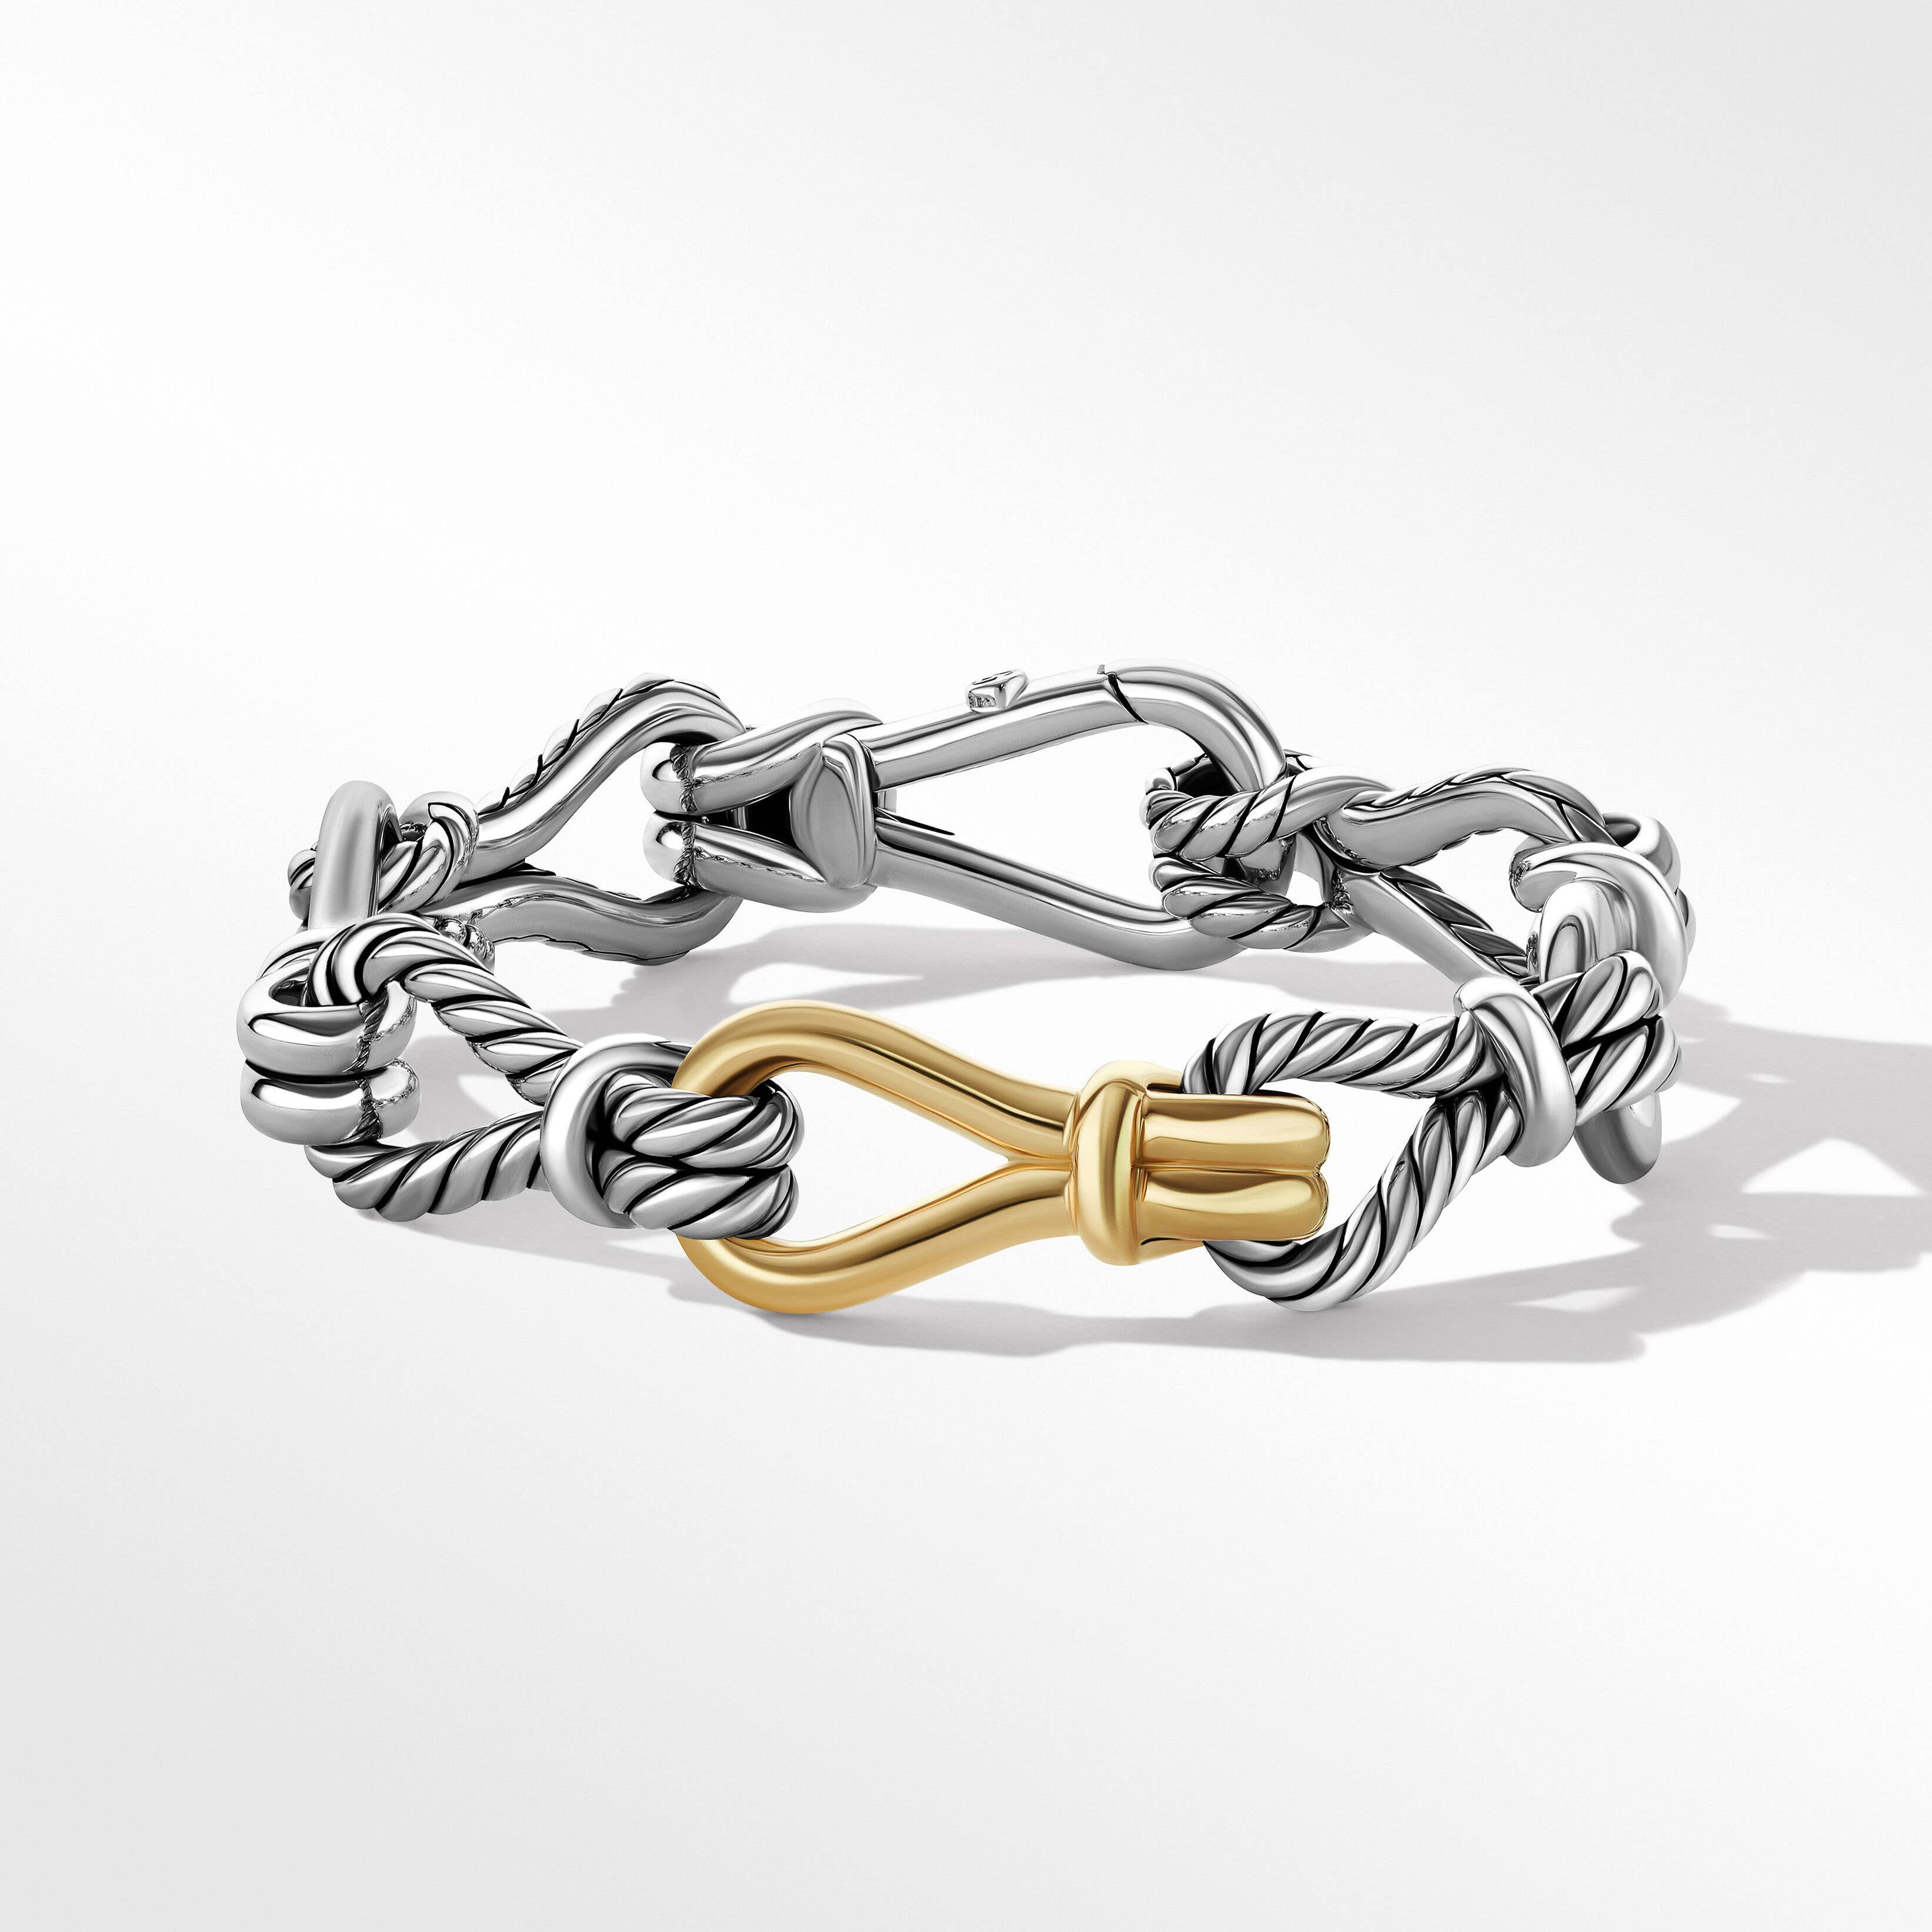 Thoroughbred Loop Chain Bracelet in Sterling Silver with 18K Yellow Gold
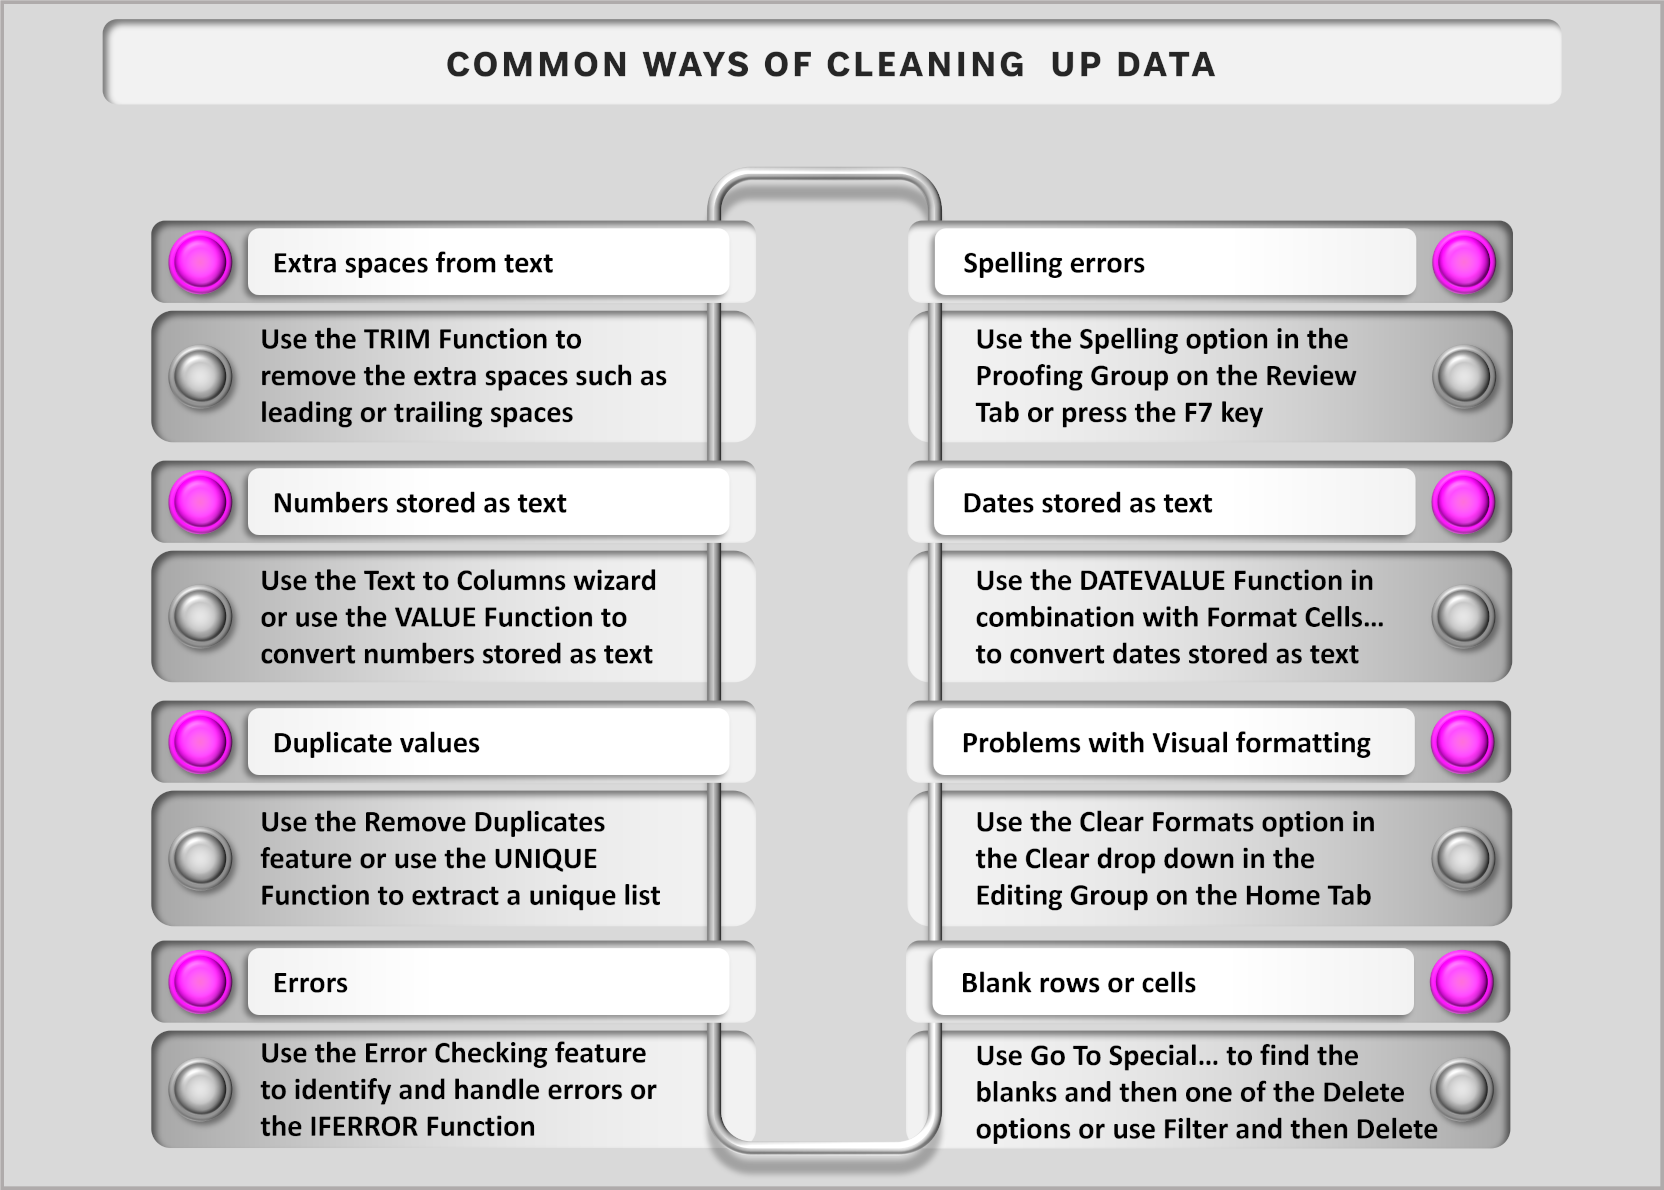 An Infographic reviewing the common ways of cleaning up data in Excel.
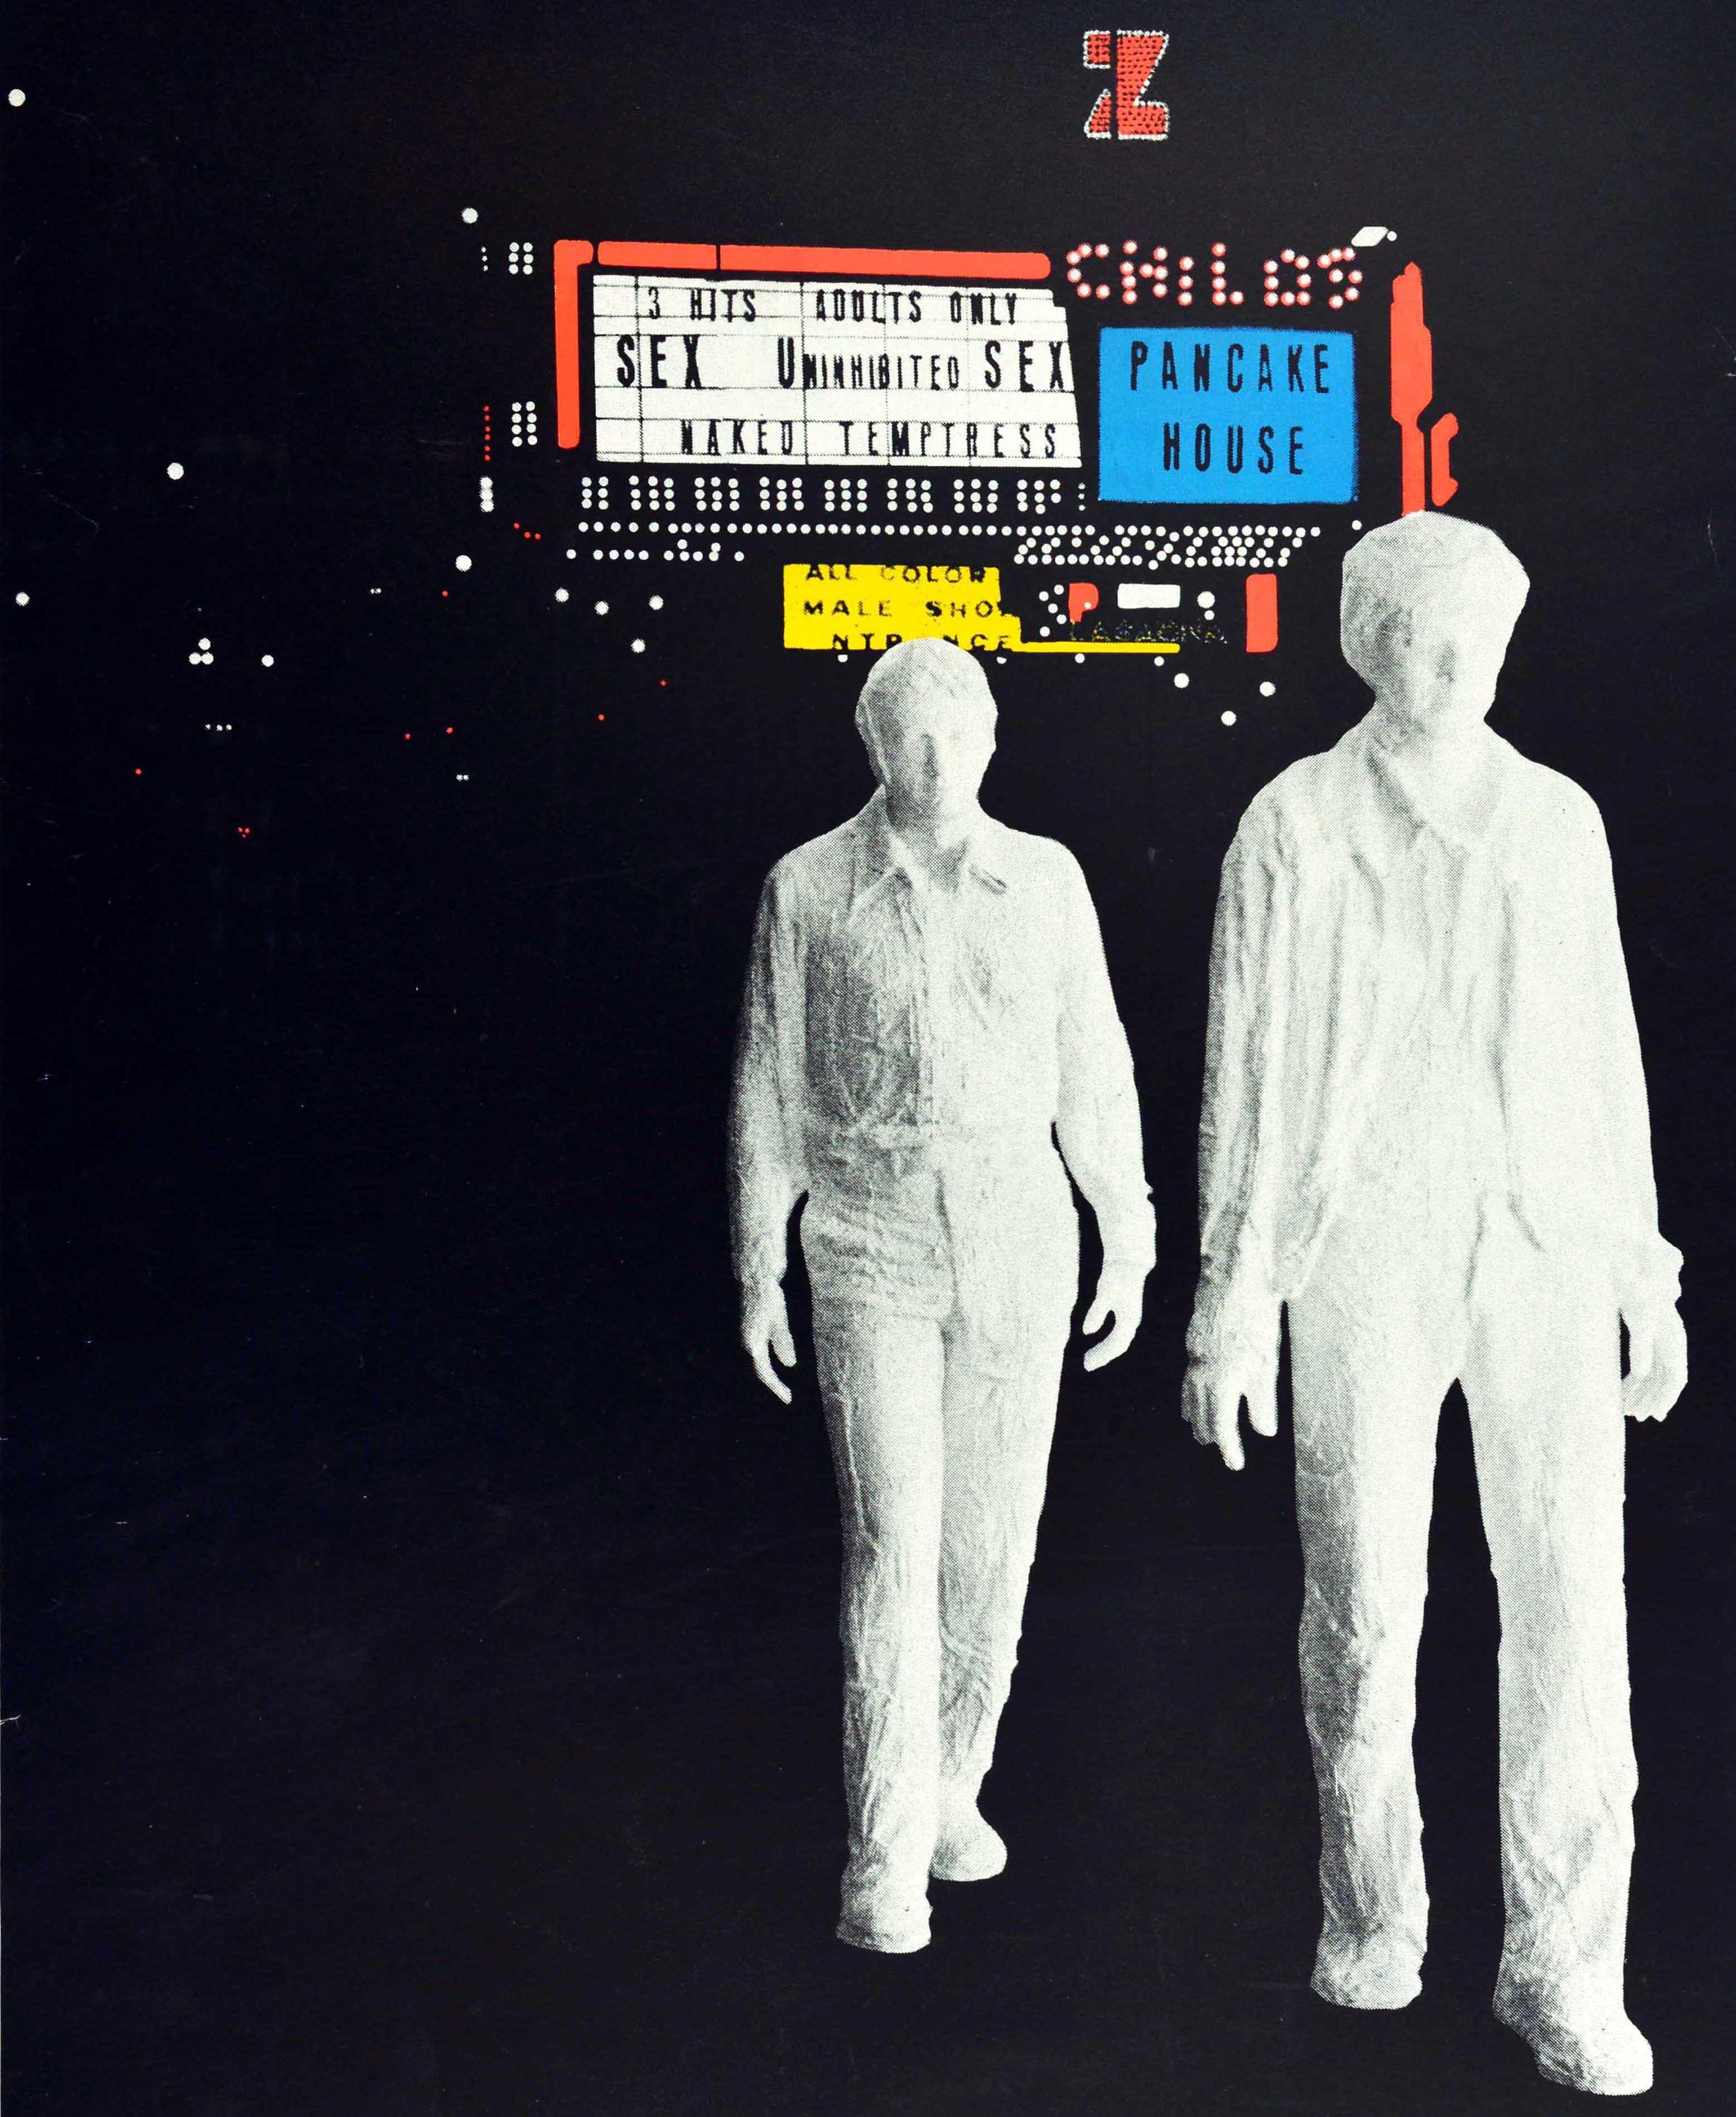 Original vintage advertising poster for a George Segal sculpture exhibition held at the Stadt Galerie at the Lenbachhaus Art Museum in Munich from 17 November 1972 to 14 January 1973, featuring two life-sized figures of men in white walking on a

TASK INSTRUCTIONS => Please return all of the material above exactly, minus any pictures.

COMPLETED EXERCISE =>
 Thoroughbred Loop Chain Bracelet in Sterling Silver with 18K Yellow Gold
 An Infographic reviewing the common ways of cleaning up data in Excel.
 Original vintage advertising poster for a George Segal sculpture exhibition held at the Stadt Galerie at the Lenbachhaus Art Museum in Munich from 17 November 1972 to 14 January 1973, featuring two life-sized figures of men in white walking on a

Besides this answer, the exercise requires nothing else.